As far as I can tell, that example is horribly wrong.  ;-)


But when using the greenlet middleware, and when using the function for
flushing Mako buffer, some data will be yielded *before* the application
returns and status and headers are passed to Nginx.

And that's probably because sharing a single output channel between the parent and child requests is a bad idea. ;-)

(Specifically, it's an increase in "temporal coupling", I believe. I know it's some kind of coupling between functions that's considered bad, I just don't remember if that's the correct name for it.)


> This is also a good time for people to learn that generators are usually
> a *very bad* way to write WSGI apps

It's the only way to be able to suspend execution, when the WSGI
implementation is embedded in an async web server not written in Python.

It's true that dropping start_response() means you can't yield empty strings prior to determining your headers, yes.


> - yielding is for server push or
> sending blocks of large files, not tiny strings.

Again, consider the use of sub requests.
yielding a "not large" block is the only choice you have.

No, it isn't. You can buffer your output and yield empty strings until you're ready to flush.



Unless, of course, you implement sub request support in pure Python (or
using SSI - Server Side Include).

I don't see why it has to be "pure", actually. It just that the subrequest needs to send data to the invoker rather than sending it straight to the client.

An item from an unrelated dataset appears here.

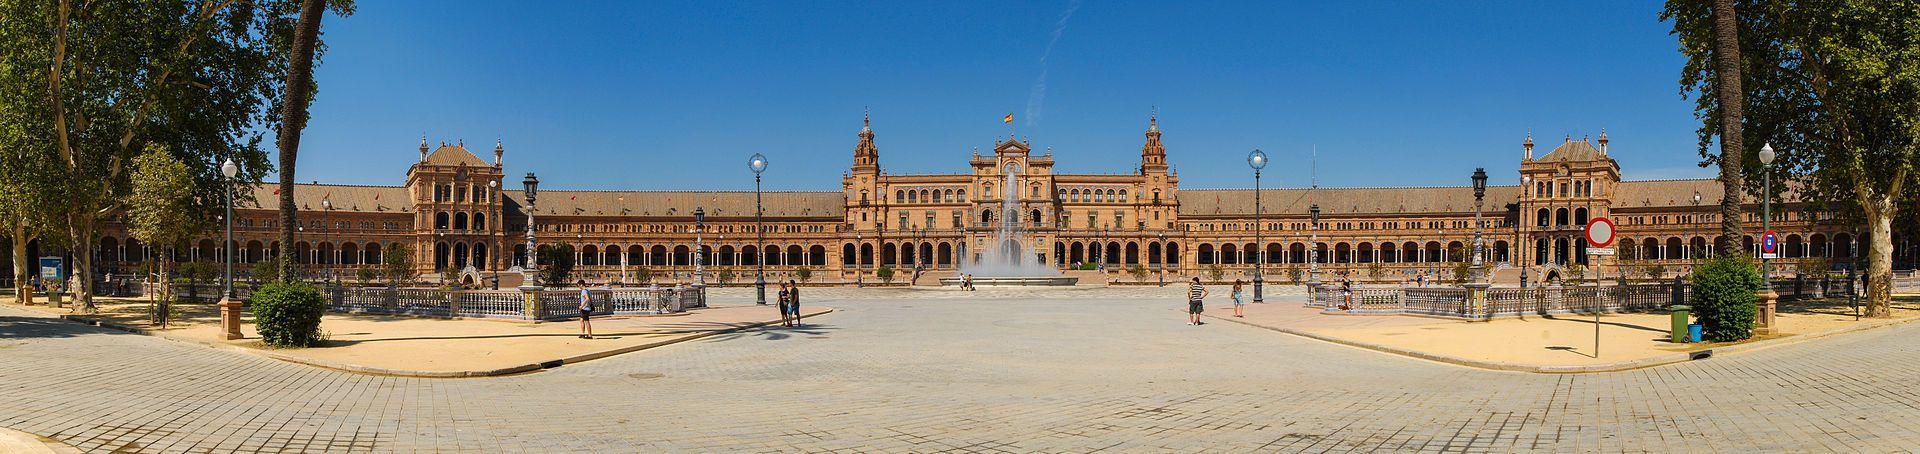 El sur no brilla, Andalucía sencillamente DESLUMBRA!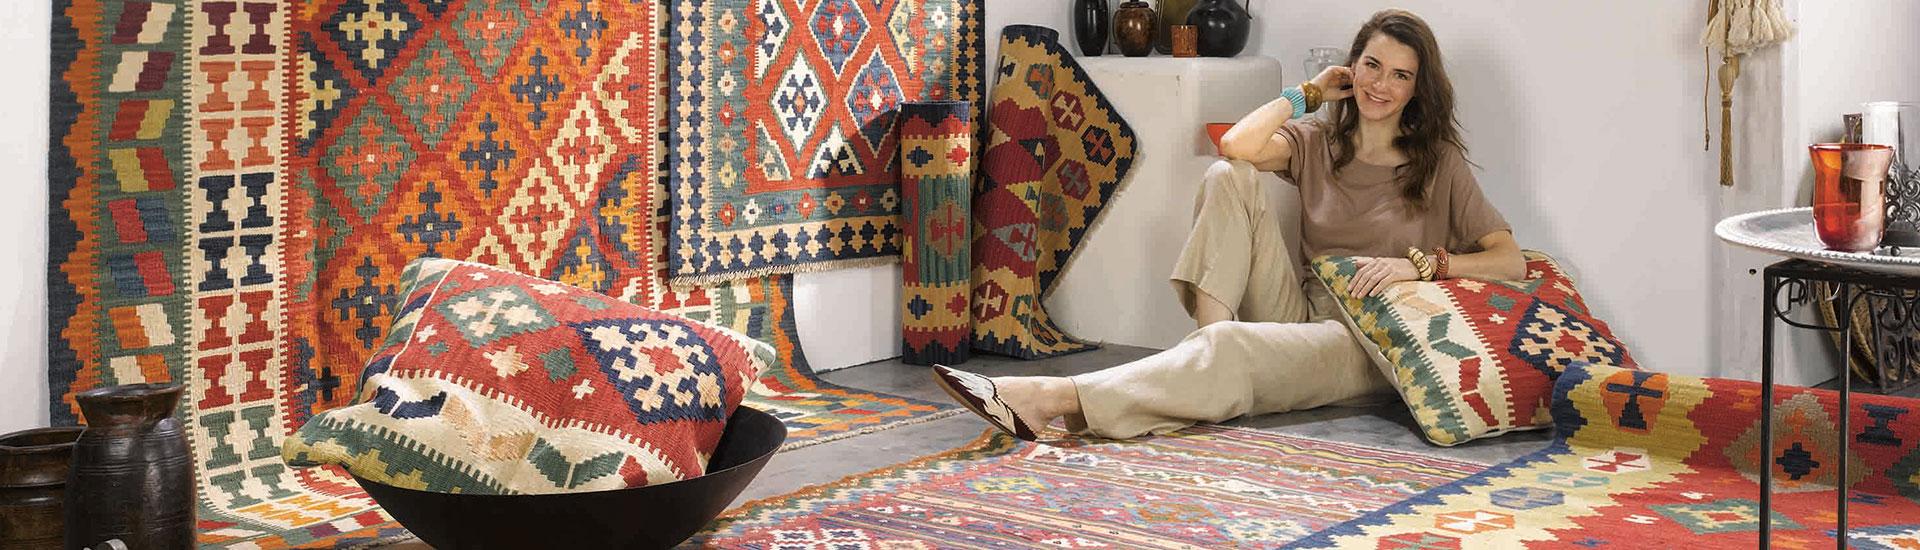 Internationales Teppich-Zentrum - Möbel Schulze Coburg, Rödental & Ilmenau

That's the bit that's crazy in your example -- it's not a scenario that WSGI 2 should support, and I'd consider the fact that WSGI 1 lets you do it to be a bug, not a feature. ;-)

That being said, I can see that removing start_response() closes a loophole that allows async apps to *potentially* exist under WSGI 1 (as long as you were able to tolerate the resulting crappy API).

However, to fix that crappy API requires greenlets or threads, at which point you might as well just use WSGI 2. In the Nginx case, you can either do WSGI 1 in C and then use an adapter to provide WSGI 2, or you can expose your C API to Python and write a small greenlets-using Python wrapper to support suspending. It would look something like:

    def gateway(request_info, app):
        # set up environ
        run(greenlet(lambda: Finished(app(environ))))

    def run(child):
        while not child.dead:
             data = child.switch()
             if isinstance(data, Finished):
                  send_status(data.status)
                  send_headers(data.headers)
                  send_response(data.response)
             else:
                 perform_appropriate_action_on(data)
                 if data.suspend:
                     # arrange for run(child) to be re-called later, then...
                     return

Suspension now works by switching back to the parent greenlet with command objects (like Finished()) to tell the run() loop what to do. The run() loop is not stateful, so when the task is unsuspended, you simply call run(child) again.

A similar structure would exist for send_response() - i.e., it's a loop over the response, can break out of the loop if it needs to suspend, and arranges for itself to be re-called at the appropriate time.

Voila - you now have asynchronous WSGI 2 support.

Now, whether you actually *want* to do that is a separate question, but as (I hope) you can see, you definitely *can* do it, and without needing any greenlet-using code to be in C. From C, you just call back into one of the Python top-level loops (run() and send_response()), which then does the appropriate task switching.


Another use case is when you have a very large page, and you want to
return some data as soon as possible to avoid the user to abort request
if it takes some time.

That's the server push case -- but of course that's not a problem even in WSGI 2, since the "response" can still be a generator.


Also, note that with Nginx (as with Apache, if I'm not wrong), even if
application yields small strings, the server can still do some buffering
in order to increase performance.

In which case, it's in violation of the WSGI spec. The spec requires eparately-yielded strings to be flushed to OS-level buffering.


What do you mean by absence of generator support?
WSGI 2 applications can still return a generator.

Yes - but they can't *be* a generator - previously they could, due to the separate start_response callable.